Of course, you could read some of her praise for Good as being almost the same as blame, pointing out in advance that the whole concept was his, not hers: "When he came to me with the idea," Moore told UPI's Vernon Scott, "I told him he had carte blanche. Without any structure or guidelines from me, Jack produced a unique, no-holds-barred musical happening."
At least it was an attempt to do something different; that can't be denied. And it's remembered a bit more fondly than the variety show she finally did do (without Good) after her sitcom ended:
Mary was a disaster, and so was the retooled sitcom/variety hybrid The Mary Tyler Moore Hour. Moore was like the opposite of singer/dancers who want to prove they can act: she'd proved herself as an actress, but wanted to be taken seriously as an all-around entertainer.
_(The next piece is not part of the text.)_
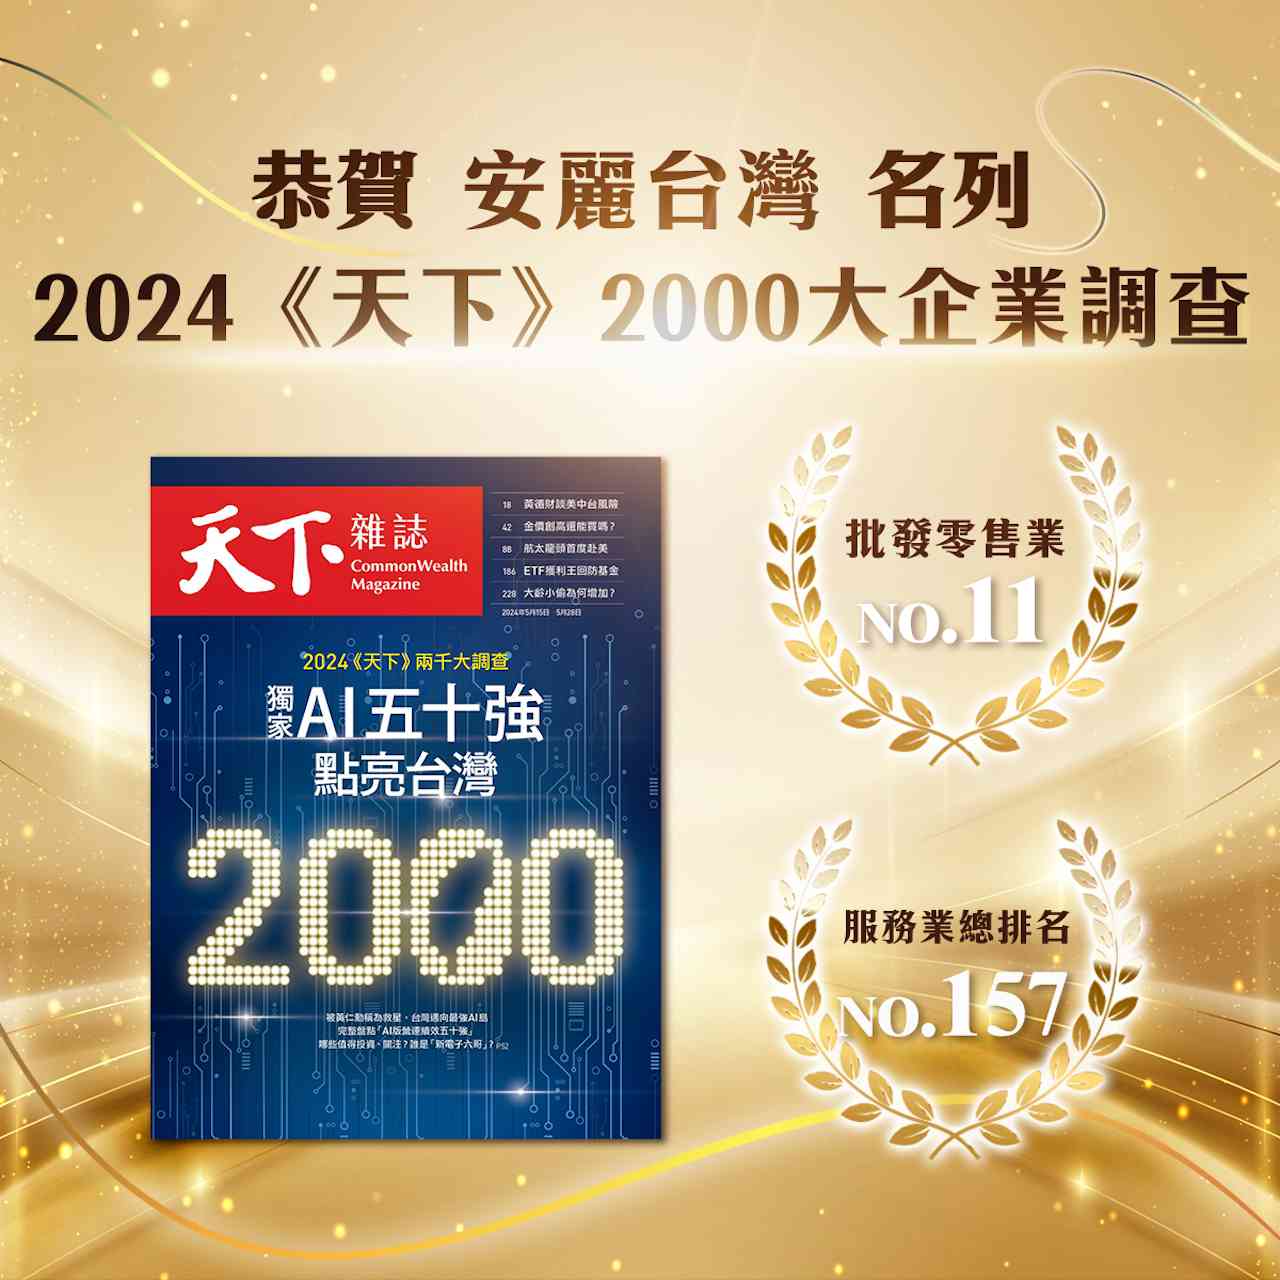 安麗台灣名列「天下 2000 大企業調查」 用心推廣全民健康幸福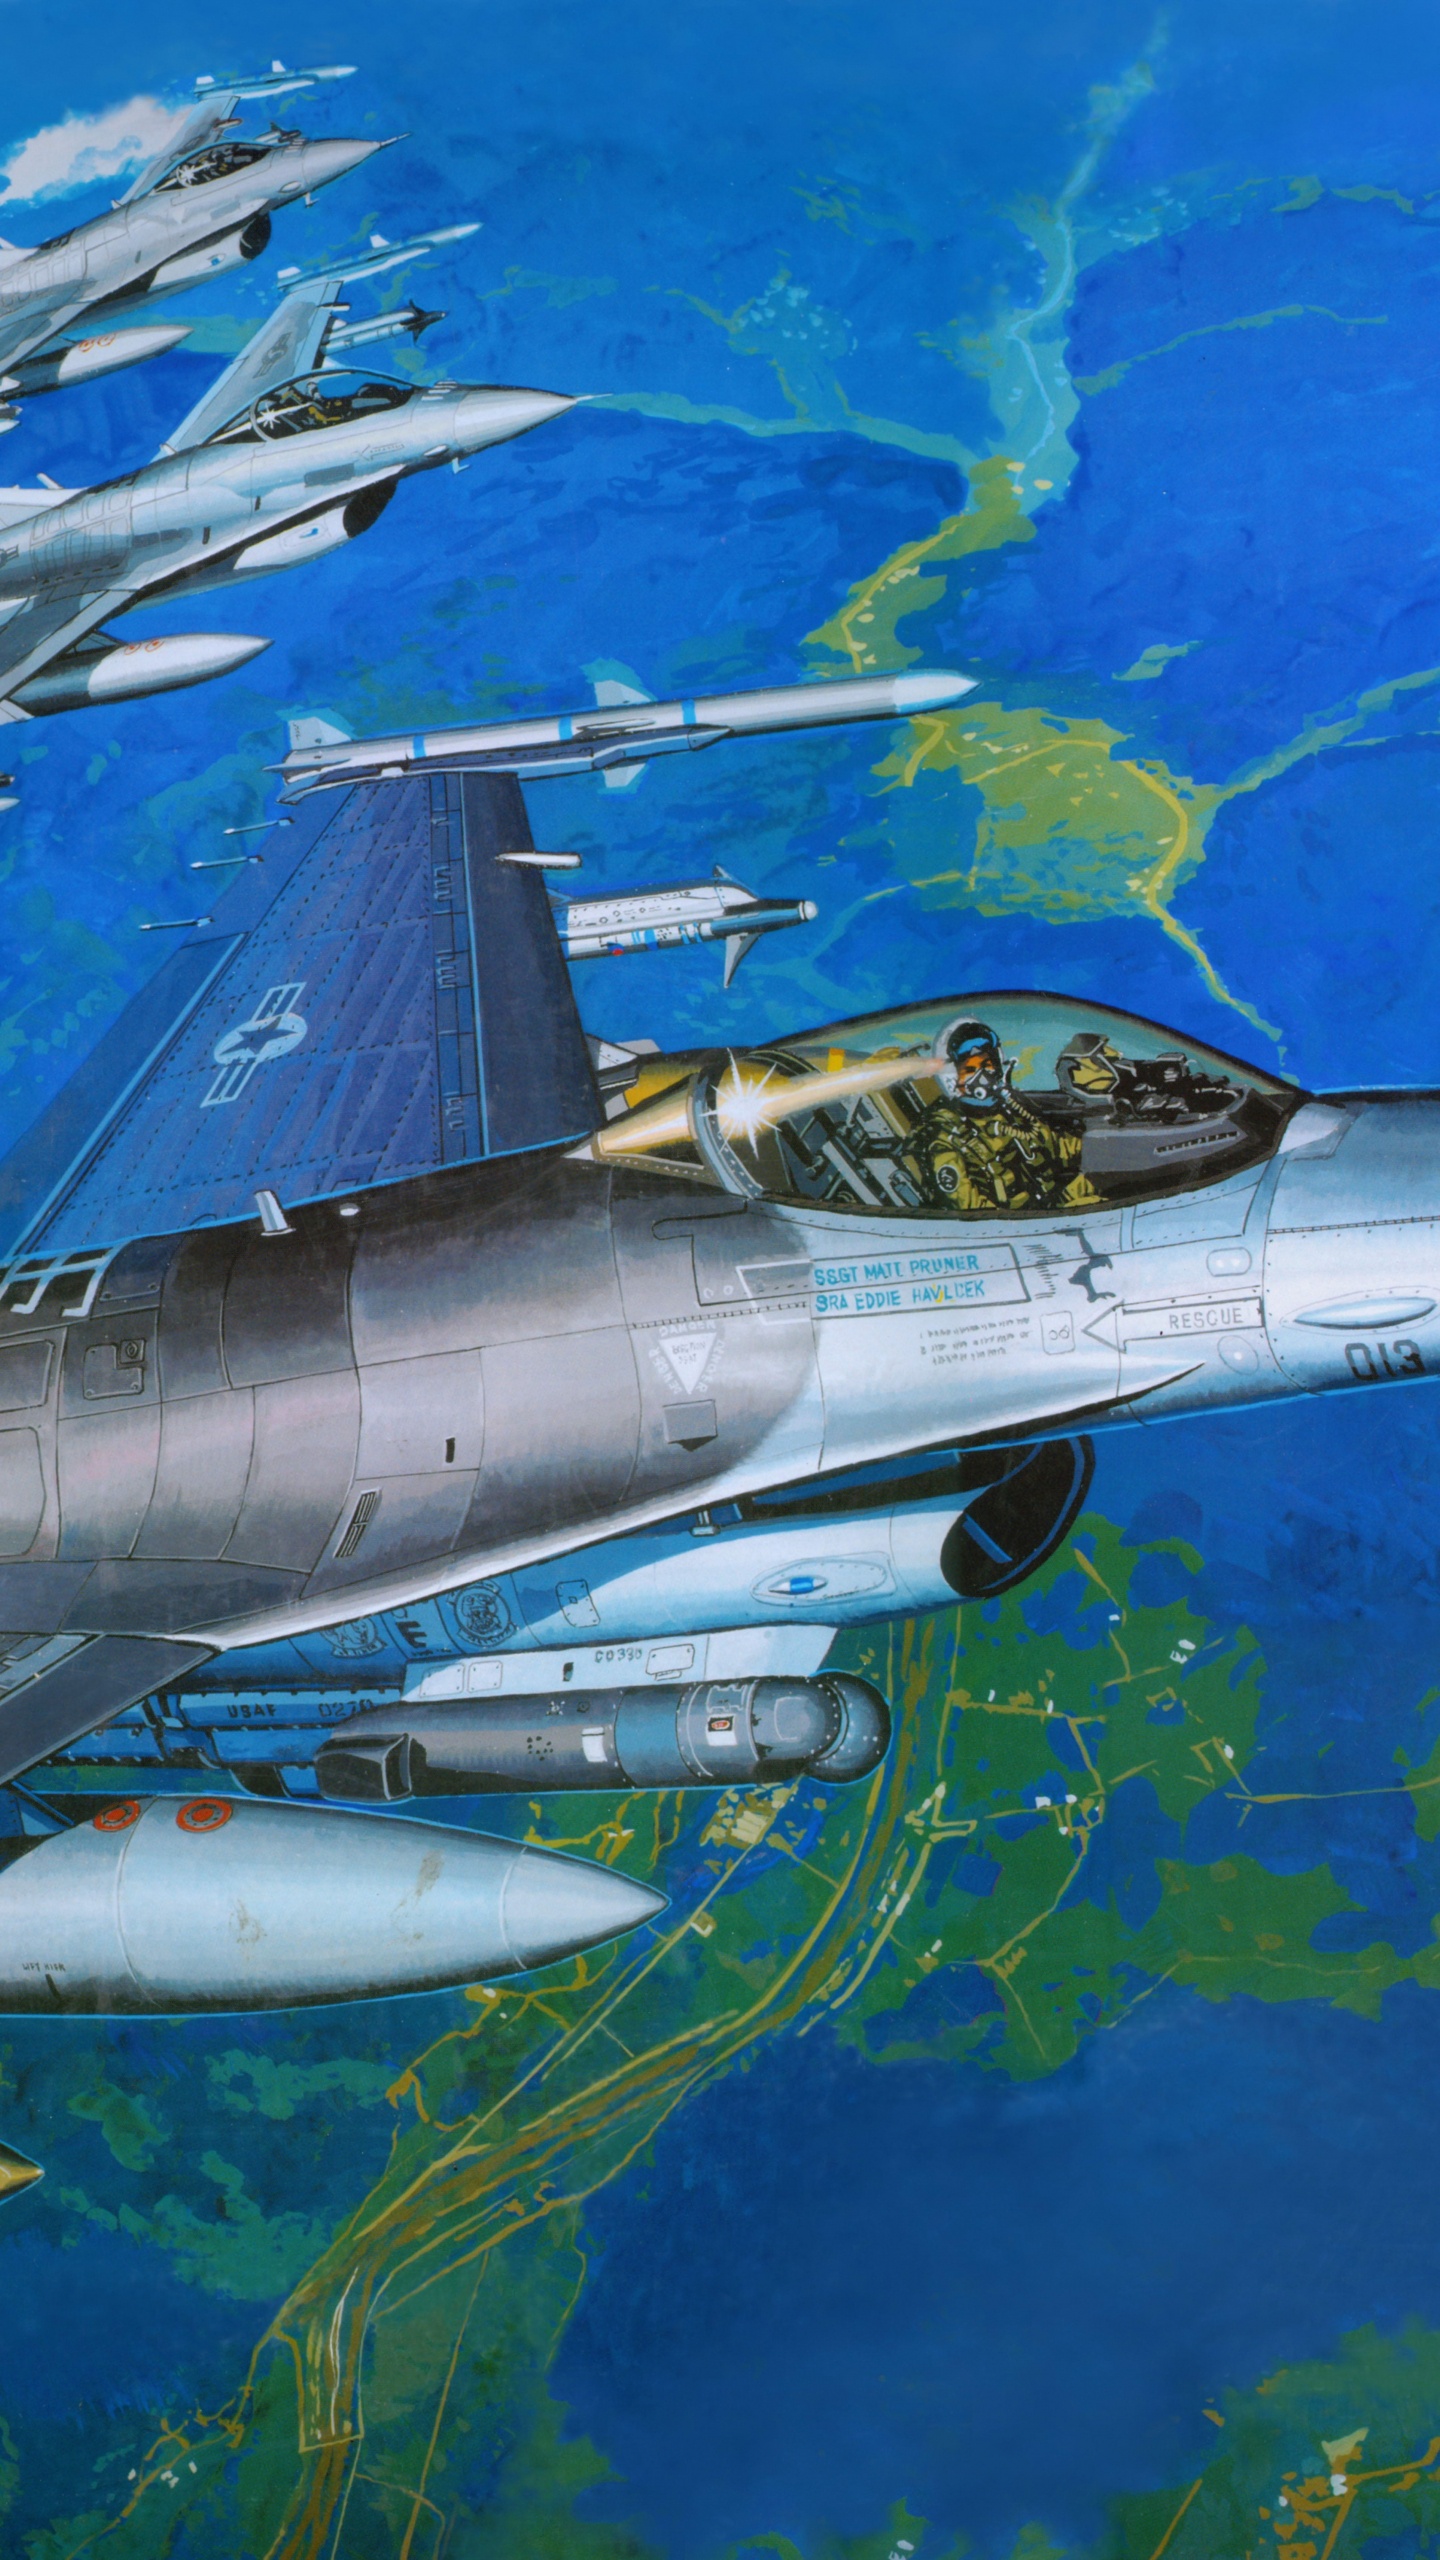 塑料模型, 航空, 空军, 军用飞机, 喷气式飞机 壁纸 1440x2560 允许

But whether it's this special, where she tries to talk-sing her way through "I'm Still Here" or make a decent try of Cy Coleman and Dorothy Fields's "Nobody Does It Like Me", or her flop stage musical version of Breakfast at Tiffany's, she's not exactly a top-tier entertainer.
Even on her own show, Georgia Engel's version of "Steam Heat" was better than most musical numbers Moore did without Dick Van Dyke around. And this special probably is a better showcase for Ben Vereen, in one of his first big TV parts, than Moore, who gets to do all the stuff she's only OK at and little of the stuff she's great at (delivery of and reaction to dialogue).
But it is what it is, and I can't help enjoying it just for the strangeness of it all. This is a special that ends with Mary Tyler Moore as a pink angel, floating and spinning in front of religious symbols and clouds while singing "Morning Has Broken."
This is a special with Arthur Fiedler conducting the "Hallelujah Chorus" in heaven; a historical version of "Sh-Boom," and Jerome Kern's "She Didn't Say Yes" retrofitted as a song about the temptation of Eve. TV really could be pleasantly insane in the mid-'70s.
Also, any special that begins with the "CBS Special" logo and ends with the MTM kitten is a special that gets a few extra points just for logo coolness.